= Veselin Vlahović =

Montenegrin Serb soldier

Veselin Vlahović also known as "Batko' or 'Smeće' " (in English: Garbage, Trash) or the "Monster of Grbavica" (born in 1969) is a Montenegrin Serb former paramilitary who was convicted of committing murder, rape, illegal detention and torture against Bosniaks and Croats in the Grbavica neighbourhood of Sarajevo during the Bosnian War.

==Criminal history==
In Montenegro, Vlahović was imprisoned for three years for robbery and violence but escaped in 2001.
Shortly after escaping from prison, Vlahović shot a man to death in a bar in Serbia, and was sentenced to 15 years in prison.
He later lived in Spain on a Bulgarian passport where Vlahović was wanted for three armed robberies in Alicante province.

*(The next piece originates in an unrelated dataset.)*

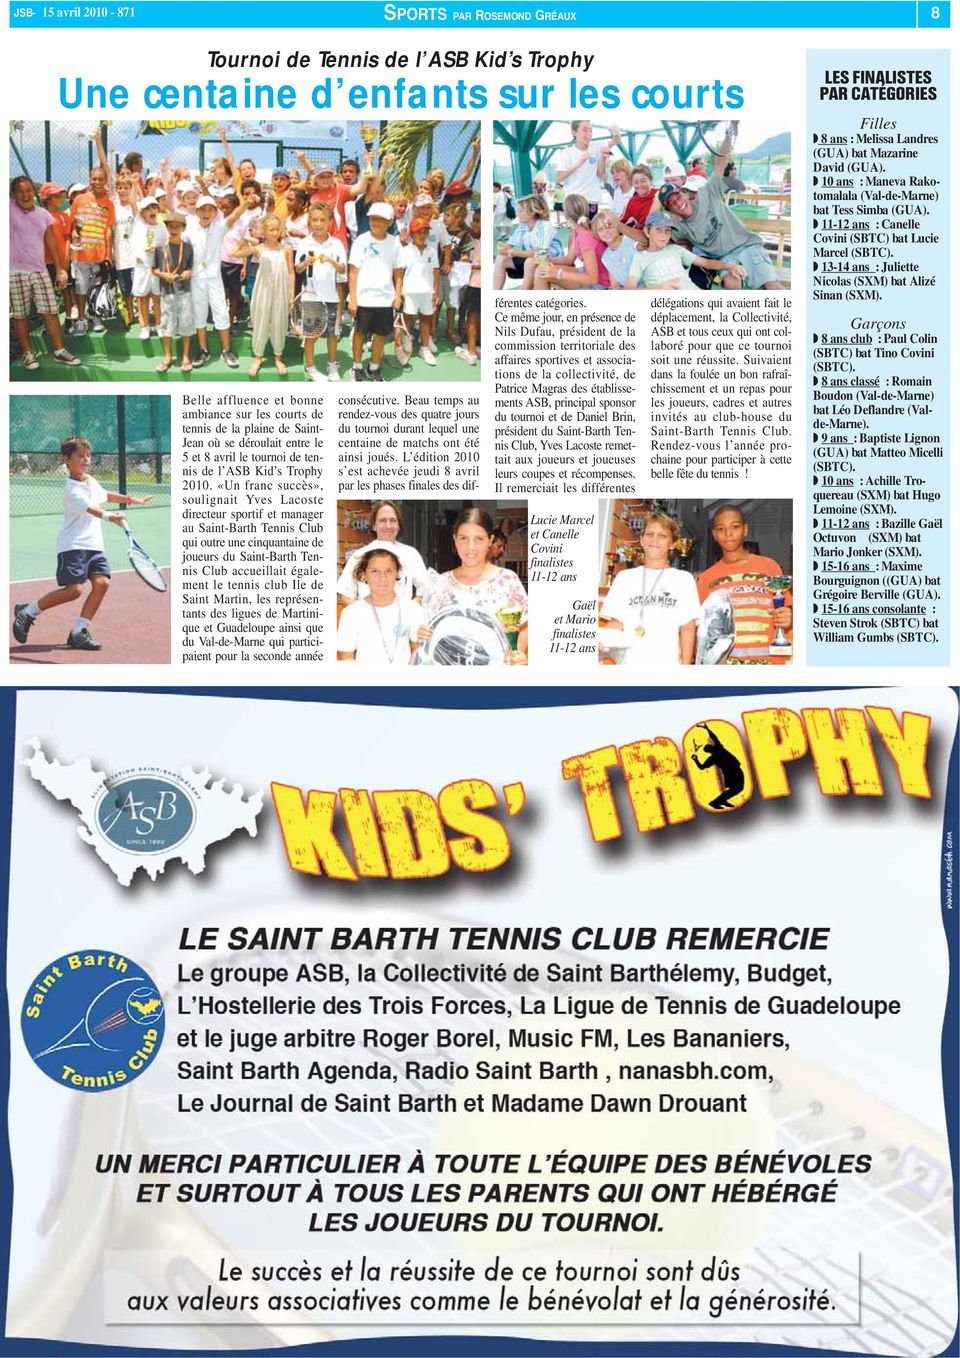 «Un franc succès», soulignait Yves Lacoste directeur sportif et manager au Saint-Barth Tennis Club qui outre une cinquantaine de joueurs du Saint-Barth Tennis Club accueillait également le tennis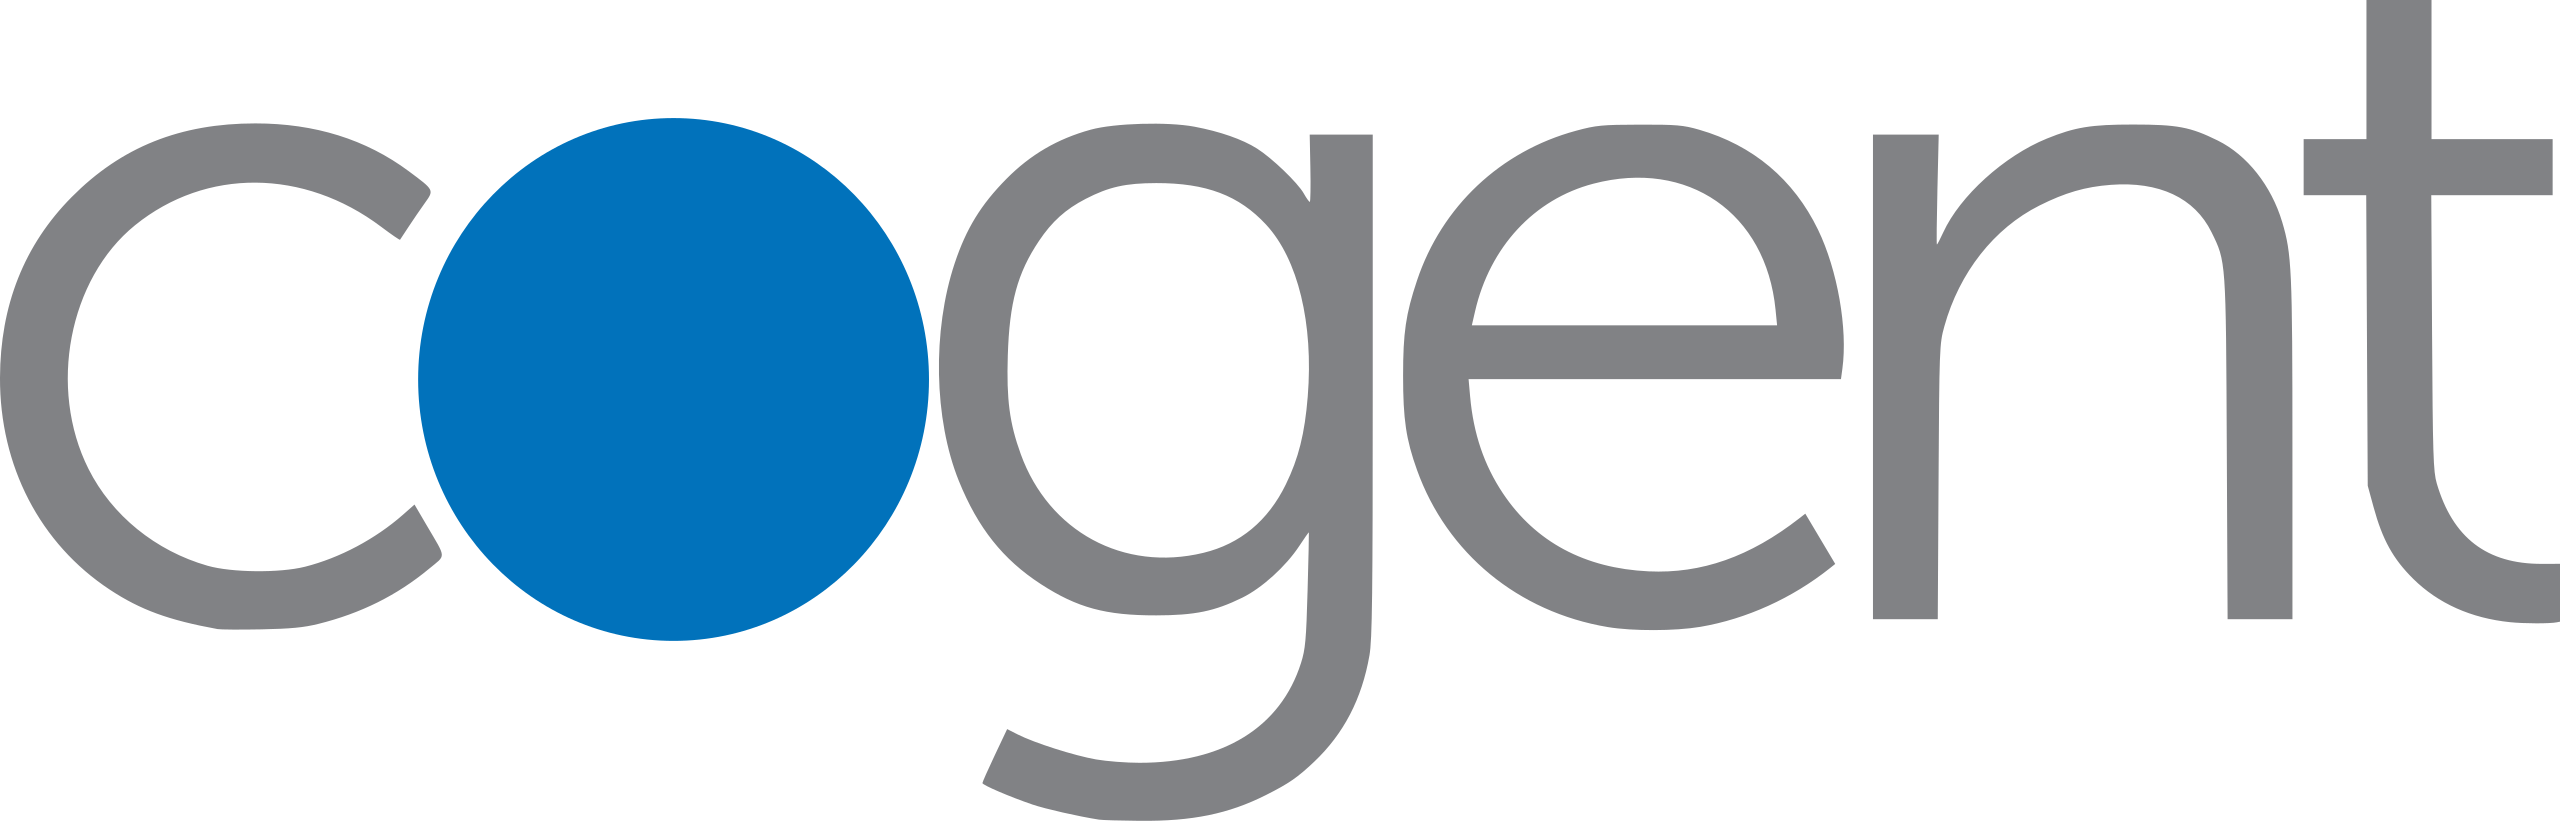 Cogent_Communications_logo

On 2 March 2010, he was captured and later extradited to Bosnia and Herzegovina.

== Trial ==
Vlahović pleaded not guilty to the 56 charges against him, which included "murder, enslavement, rape, illegal detention, physical and psychological abuse". According to the prosecutor Vlahović "is indicted for the murders of 27 people, the rapes of 12, the disappearances of five persons and causing injuries to 41 victims" and that "the prosecution will call 105 witnesses". On 29 March 2013, he was sentenced to 45 years in prison by the Bosnian justice system for war crimes committed during 1992-95 Bosnian conflict; he was found guilty of more than sixty crimes of crimes against humanity, including rape, murder and torturing Croat and Bosniak civilians, one of the better known being Goran Čengić, a Yugoslav handball player.